Probabilistic unit tests?

Thu Jan 10 22:34:38 EST 2013

On Thu, 10 Jan 2013 17:59:05 -0800, Nick Mellor wrote:

> Hi,
> 
> I've got a unit test that will usually succeed but sometimes fails. An
> occasional failure is expected and fine. It's failing all the time I
> want to test for.

Well, that's not really a task for unit testing. Unit tests, like most 
tests, are well suited to deterministic tests, but not really to 
probabilistic testing.
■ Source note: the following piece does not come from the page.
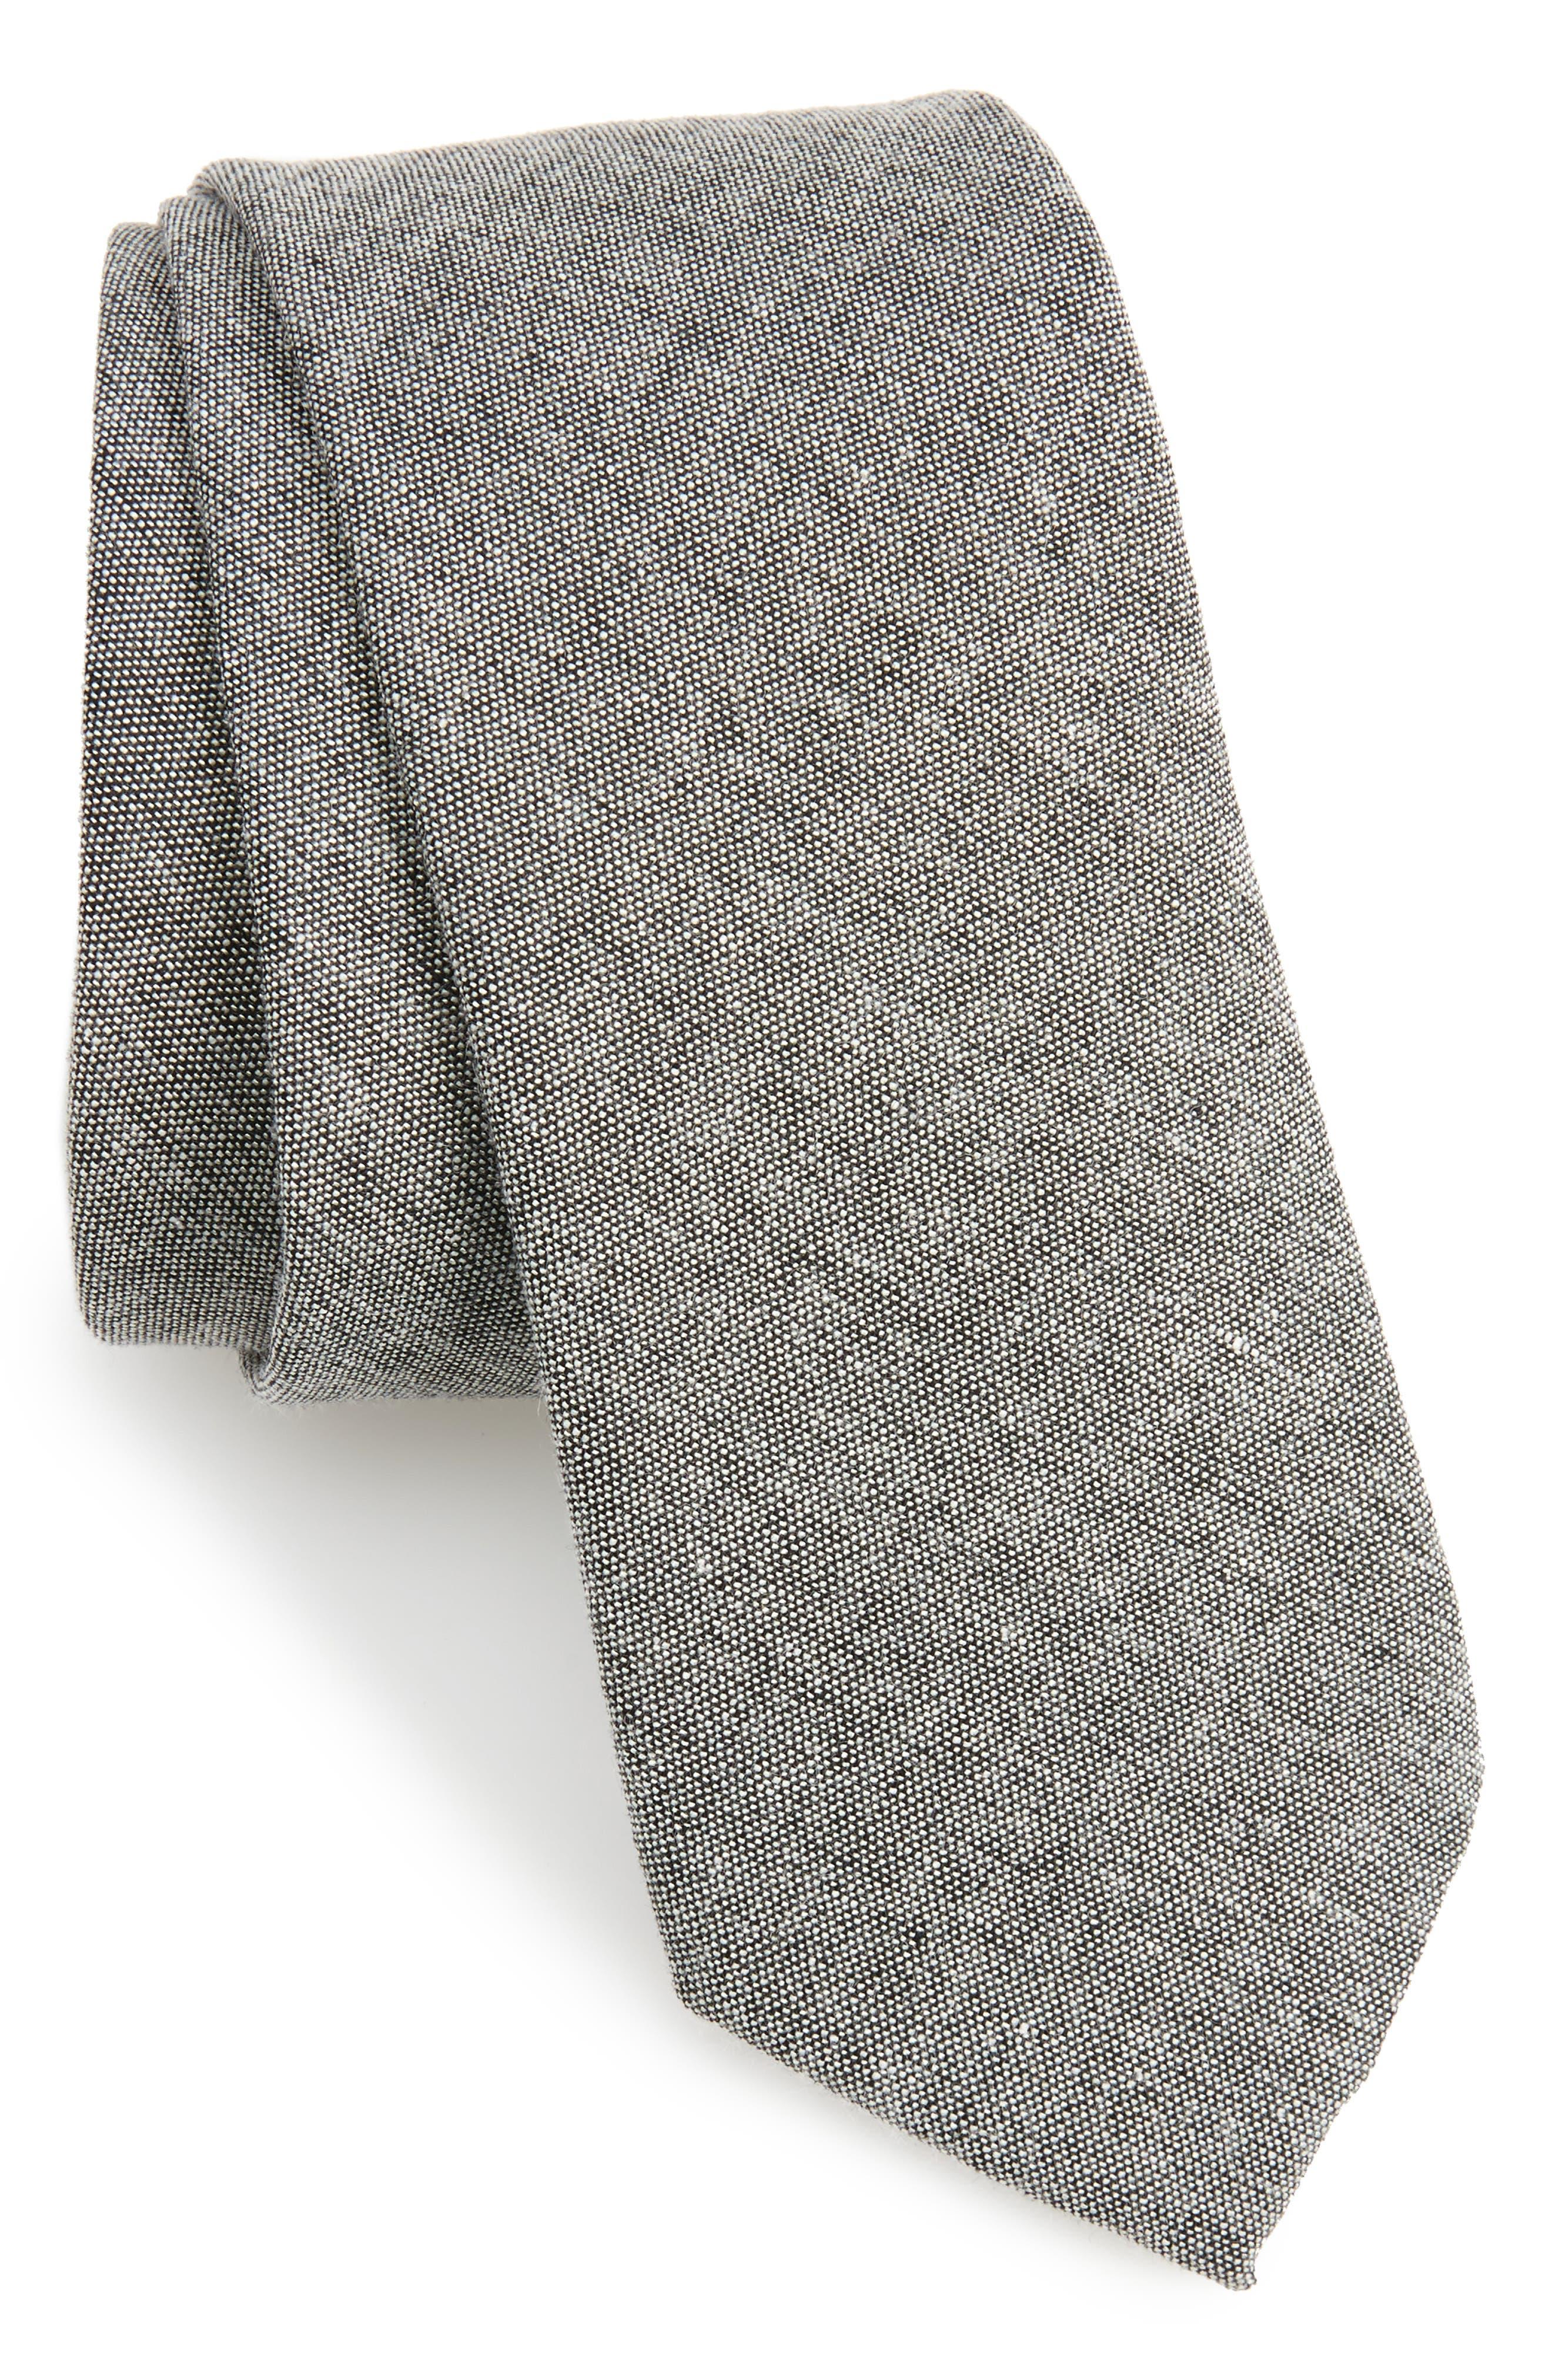 Main Image - Nordstrom Men's Shop Textured Skinny Tie

As far as I know, there aren't really any good 
frameworks for probabilistic testing, so you're stuck with inventing your 
own. (Possibly on top of unittest.)

> What I want to test is "on average, there are the same number of males
> and females in a sample, give or take 2%."
> 
> Here's the unit test code:
> import unittest
> from collections import counter
> 
> sex_count = Counter()
> for contact in range(self.binary_check_sample_size):
>     p = get_record_as_dict()
>     sex_count[p['Sex']] += 1
> self.assertAlmostEqual(sex_count['male'],
>                        sex_count['female'],
>                        delta=sample_size * 2.0 / 100.0)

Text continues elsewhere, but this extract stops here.